The Best Clean Humor on the Internet

The internet is awash with humor. Some jokes are funny, while others are clean. Here we have the rare, yet valuable, funny, clean humor. Send your funny, clean humor to me.



Friday, March 30, 2007

Two men were in a boat ..


A boat in the sky
Originally uploaded by aremac.
Two men, Pete and Repeet, were in a boat, Pete fell out and was eaten by a shark, who was left?

Two men, Pete and Repeet, were in a boat, Pete fell out and was eaten by a shark, who was left?

Two men, Pete and Repeet, were in a boat, Pete fell out and was eaten by a shark, who was left?

Two men, Pete and Repeet, were in a boat, Pete fell out and was eaten by a shark, who was left?

Two men, Pete and Repeet, were in a boat, Pete fell out and was eaten by a shark, who was left?

Two men, Pete and Repeet, were in a boat, Pete fell out and was eaten by a shark, who was left?

Monday, March 26, 2007

Computer Heaven


Macelangelo
Originally uploaded by beesquare.
In Computer Heaven:

The management is from Intel,
The design and construction is done by Apple,
The marketing is done by Microsoft,
IBM provides the support,
Gateway determines the pricing.

In Computer Hell:

The management is from Apple,
Microsoft does design and construction,
IBM handles the marketing,
The support is from Gateway,
Intel sets the price.

Why you can't take it with you


goldbar
Originally uploaded by thane.
There once was a rich man who was near death. He was very grieved because he had worked so hard for his money and he wanted to be able to take it with him to heaven. So he began to pray that he might be able to take some of his
wealth with him.

An angel hears his plea and appears to him. "Sorry, but you can't take your wealth with you." The man implores the angel to speak to God to see if He might bend the rules.

The man continues to pray that his wealth could follow him. The angel
reappears and informs the man that God has decided to allow him to take one suitcase with him. Overjoyed, the man gathers his largest suitcase and fills it with pure gold bars and places it beside his bed.

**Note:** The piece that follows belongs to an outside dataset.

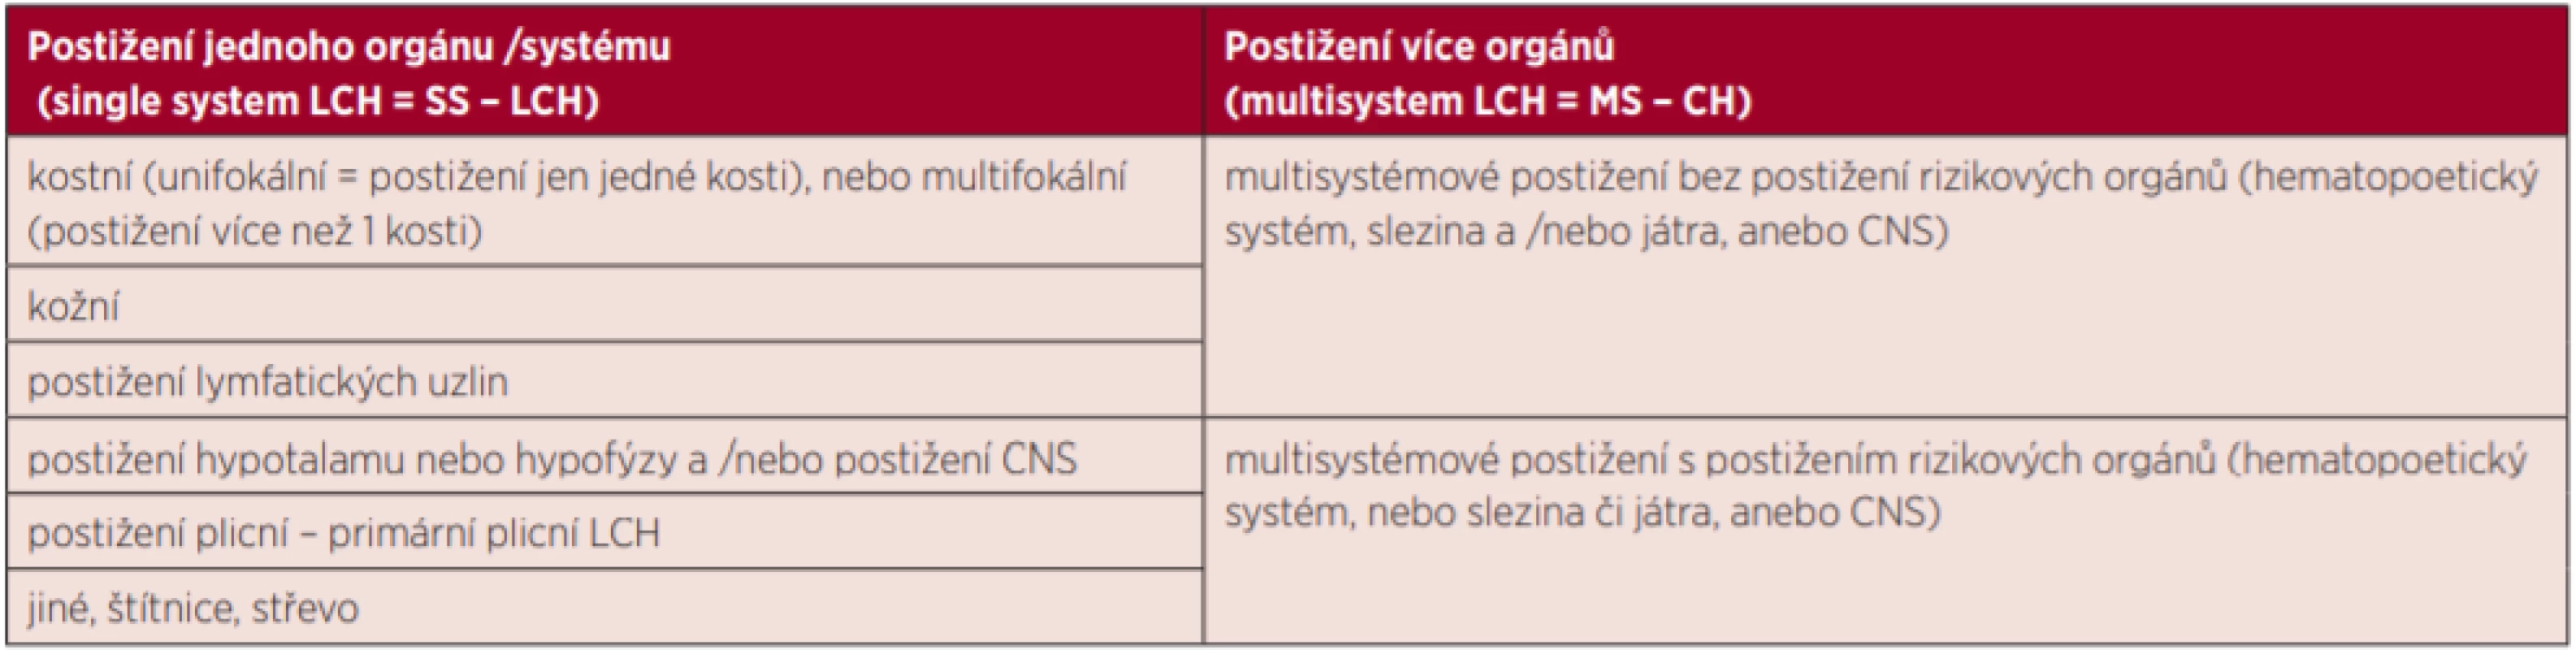 Stratifikace pacientů s LCH [3]
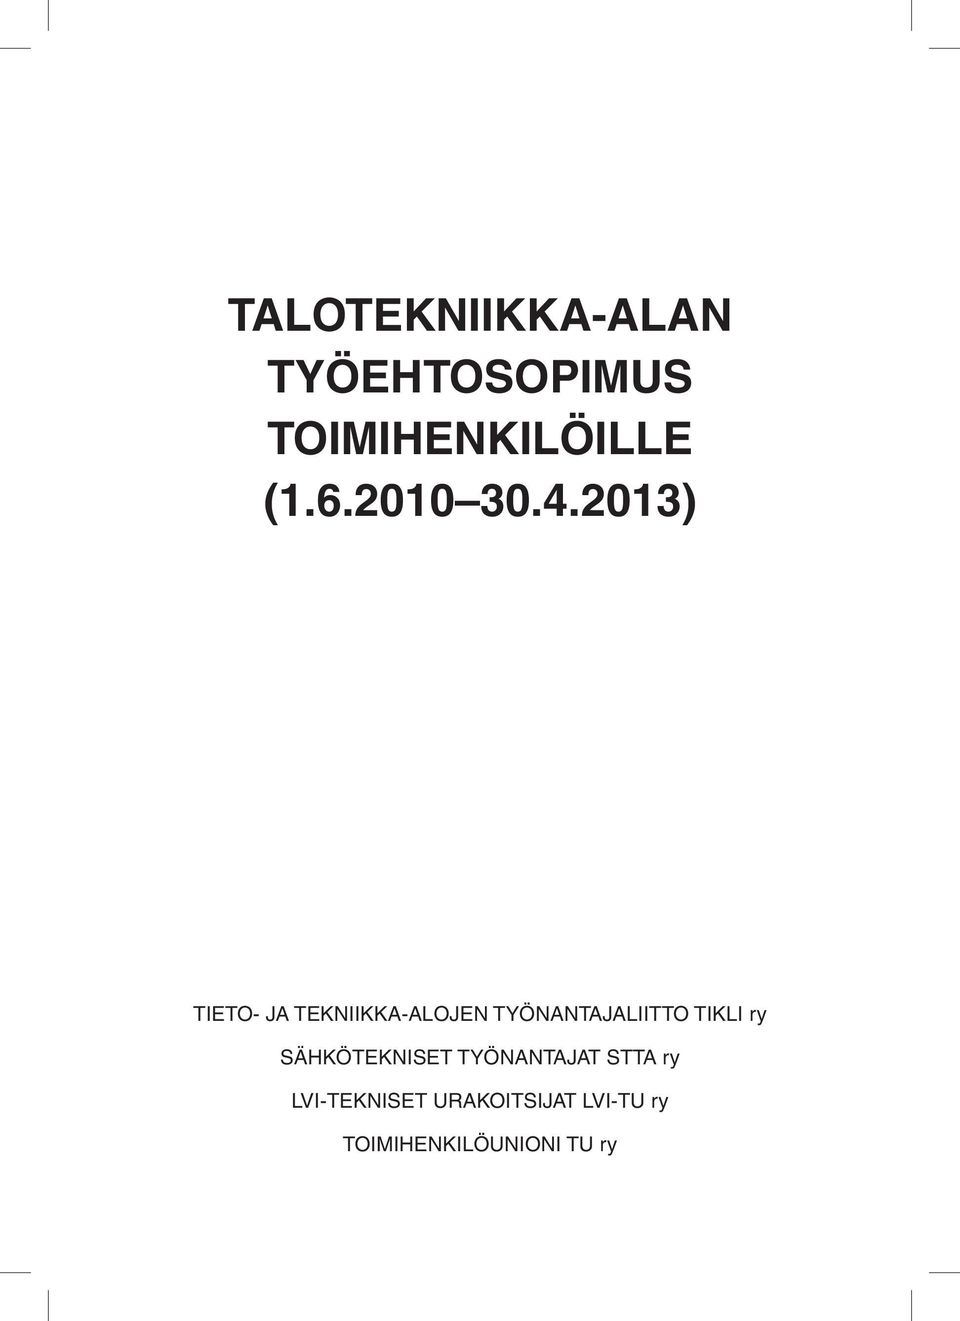 2013) TIETO- JA TEKNIIKKA-ALOJEN TYÖNANTAJALIITTO

Soon afterward the man dies and shows up at the Gates of Heaven to greet St. Peter. St. Peter seeing the suitcase says, "Hold on, you can't bring that in here!"

But, the man explains to St. Peter that he has permission and asks him to verify his story with the Lord. Sure enough, St. Peter checks and comes back saying, "You're right. You are allowed one carry-on bag, but I'm supposed to check its contents before letting it through."

St. Peter opens the suitcase to inspect the worldly items that the man found too precious to leave behind and exclaims, "You brought pavement?!!!"